Beginning and end time periods for the “White Flight” map.

This project, since it is digital, can also reach a wider audience. One reason this project could reach a wider audience is because it is hosted on the Internet, which allows anyone with an Internet connection to access it. Another way this project could reach a wider audience is because, with it, Gordon can spread the message from his book in a condensed form. Instead of having to read the entire book, audiences can pretty clearly understand the ideas (or at least the data) Gordon covers in a much shorter amount of time. The project also includes links to documents which are important to the topic, something that is not offered by simply reading the book. In traditional humanities, you would have had to look up these documents on your own. Mapping Decline, however, allows you to access these documents with one click. A tab at the top of the site leads to a page talking about the documents, which includes links to digitized versions of the documents. Mapping Decline also offers the option of seeing the documents on the map itself. The user can turn on this option by clicking the “documents” button at the top. Once they are on the map, the user can get to the digitized version of the document by clicking the document symbols. Mapping Decline also has the option to enable municipal boundaries and roads and highways. Both by its location on the Internet and its form as a condensed version of Gordon’s book, Mapping Decline allows Gordon’s argument to reach a wider audience.

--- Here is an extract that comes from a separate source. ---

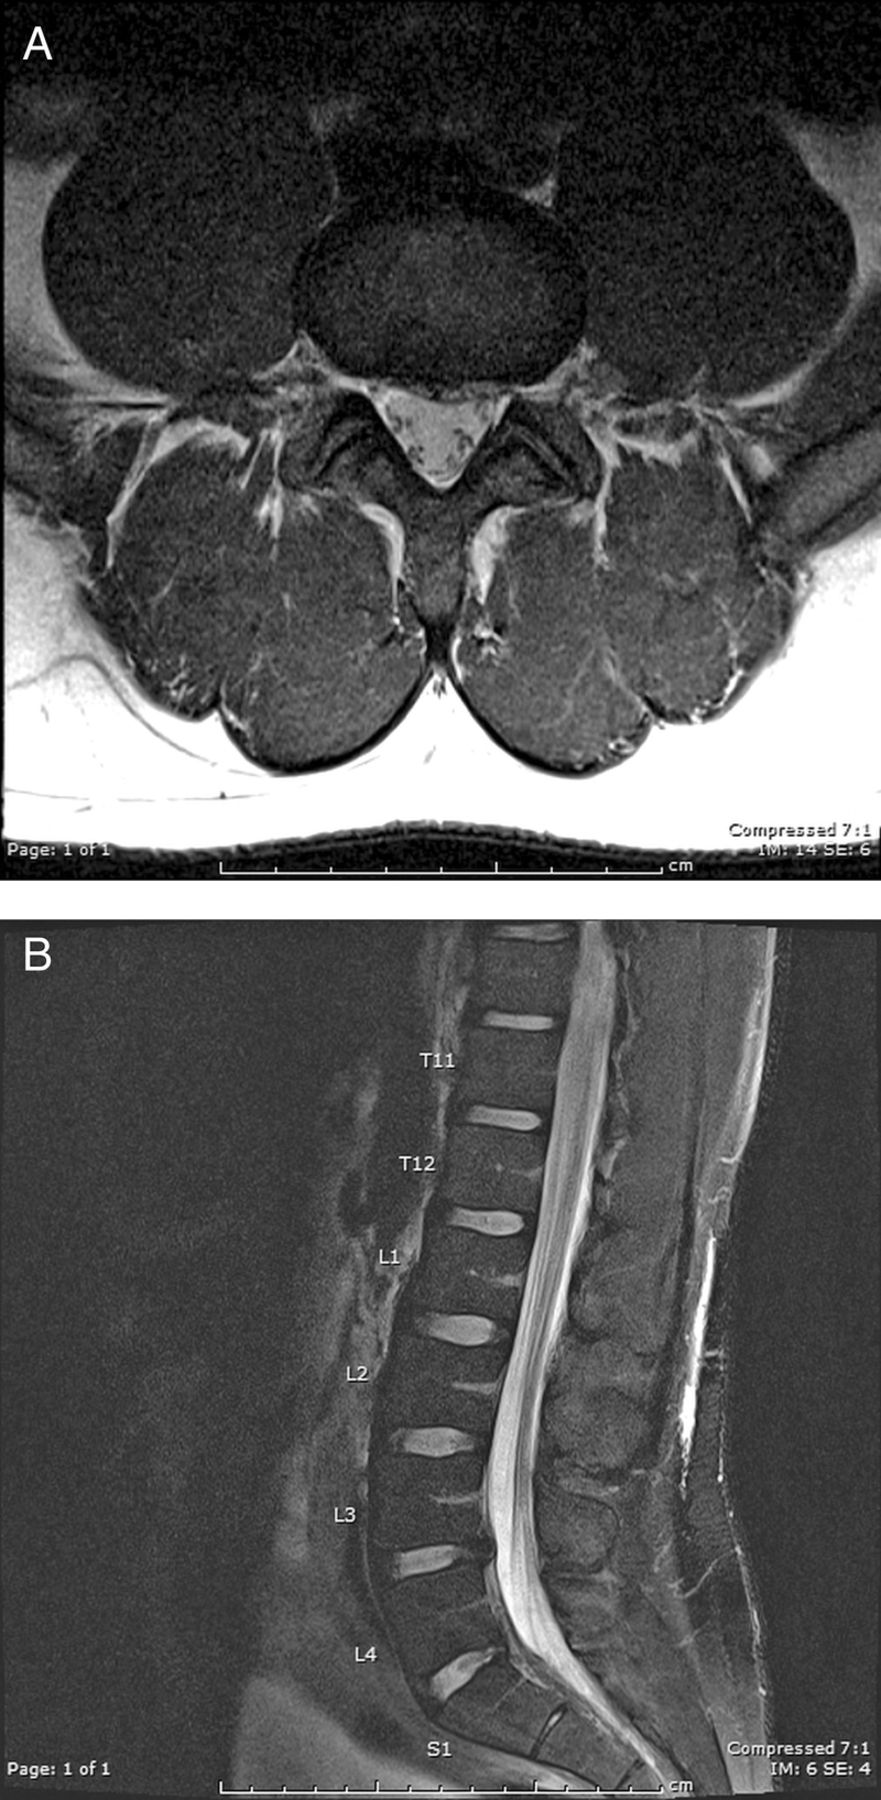 Spontaneous resolution of idiopathic lumbar subdural hygroma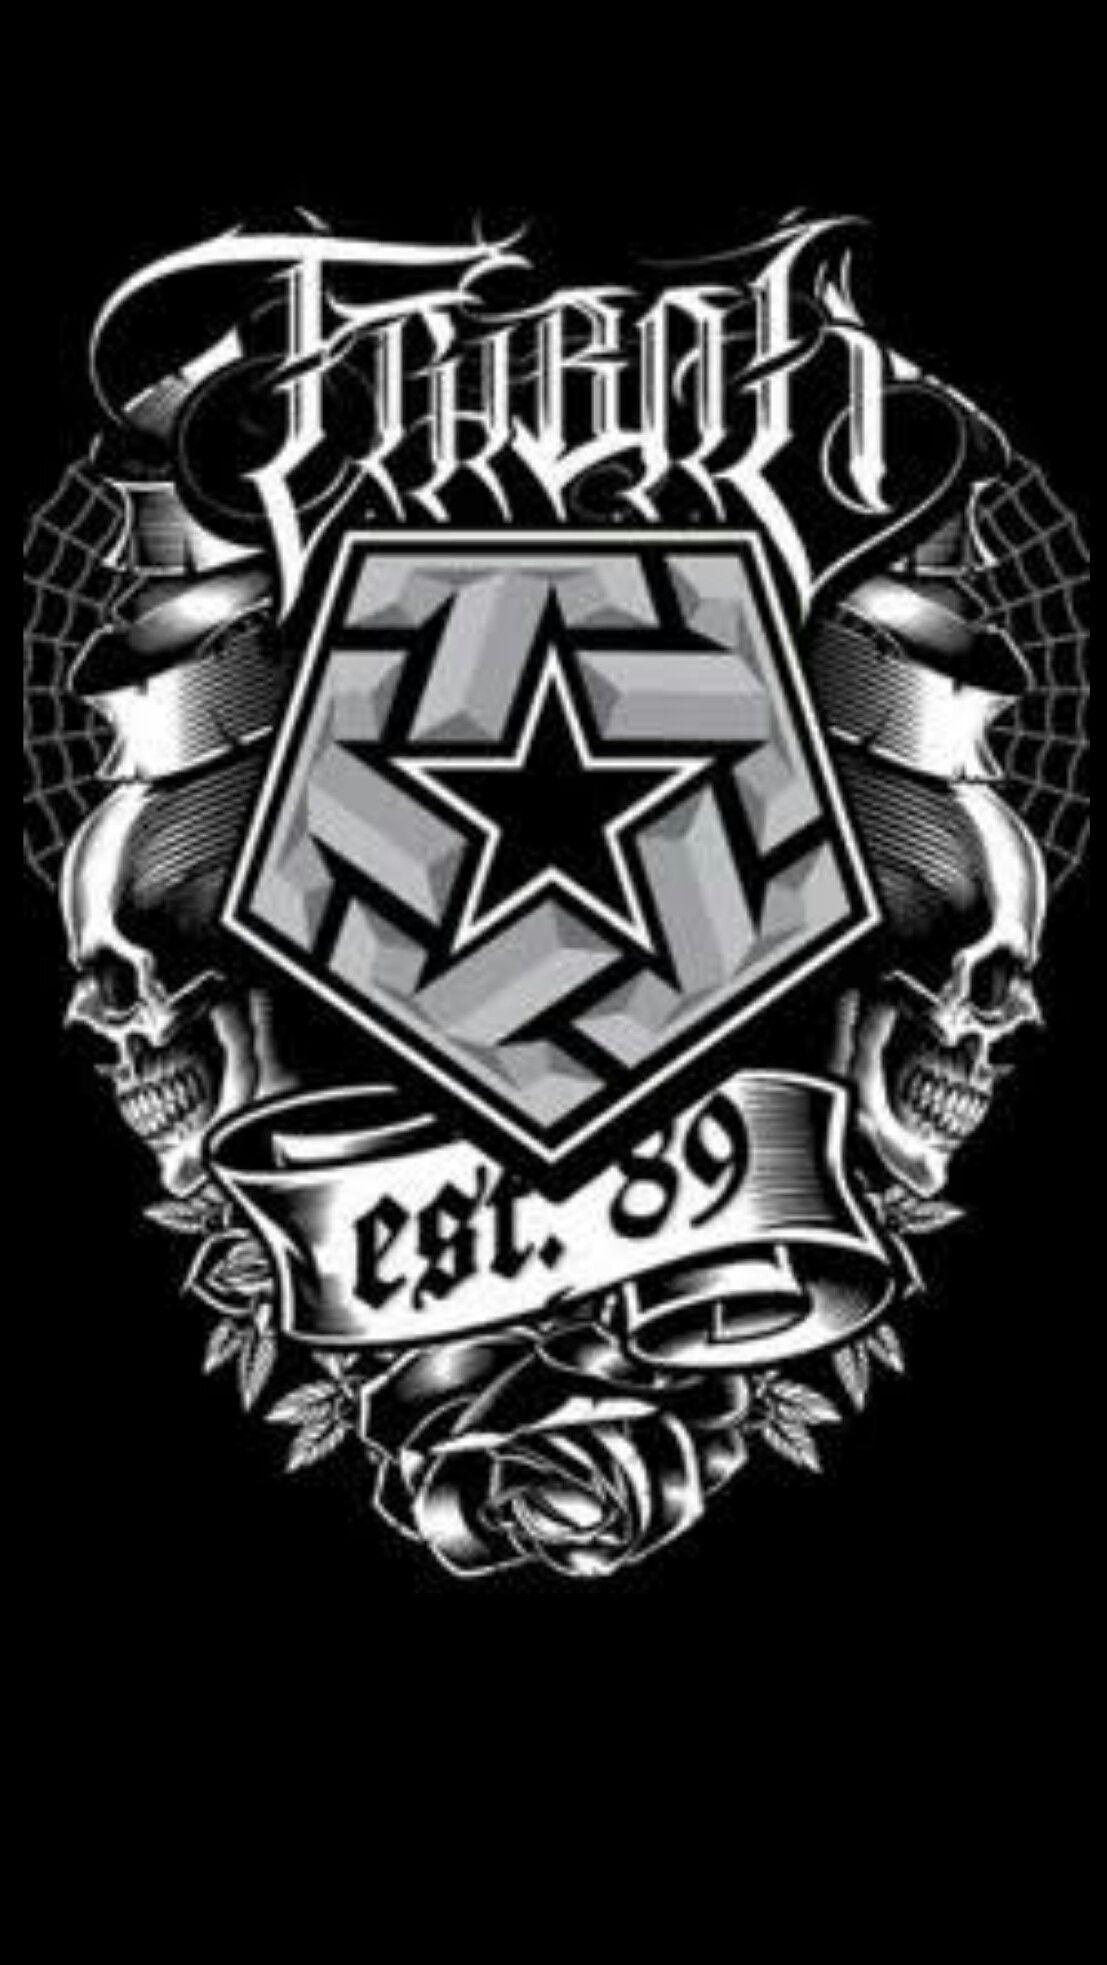 Tribal Black Wallpaper Android Iphone Tribal Gear Tribal Skull Tribal Wallpaper Wallpaper hd tribal tattoo

Example of documents inserted into the map.

Mapping Decline was created using a few different programs. From what I can find, Colin Gordon, the author of the associated book, did most of the work for this project himself. The three mains programs used were ArcGIS, Social Explorer, and the University of Minnesota’s National Historical Geographic Information System (NHGIS). The NHGIS is a place to find data in file types which can be utilized by GIS systems. The specific version of ArcGIS that was used was ArcView 9.2. ArcGIS is a mapping platform run through ESRI (Environmental Systems Research Institute). The ESRI was founded in 1969 and as of 2014, held approximately 43% of the GIS software market worldwide (more than any other supplier). The other mapping program used to create Mapping Decline was Social Explorer. Social Explorer is only one program offered by the company of the same name. Social Explorer the company has roots going back to the late 1990s and also offers the programs Charts, GeoBuffer, and MapSpice. Social Explorer includes some data access (like the NHGIS) as well as the tools to build maps. As mentioned in the “About” tab of Mapping Decline, some of the data had to be adjusted in order to be mapped. For example, the 1960 data (which had 323 census tracts) had to be adjusted to fit over the 1950 geography (which had 247 tracts) for the 1950-60 map.

Mapping Decline is an example of how interactive, digital maps can help an audience to better understand the patterns in data. Finding patterns in demographic data which relate to larger social issues in a community (such as housing and racism) is a popular theme in traditional humanities, but interactive maps on the Internet, using programs like ArcGIS and Social Explorer, allow for both a better visualization of these spatial patterns and a potentially wider audience.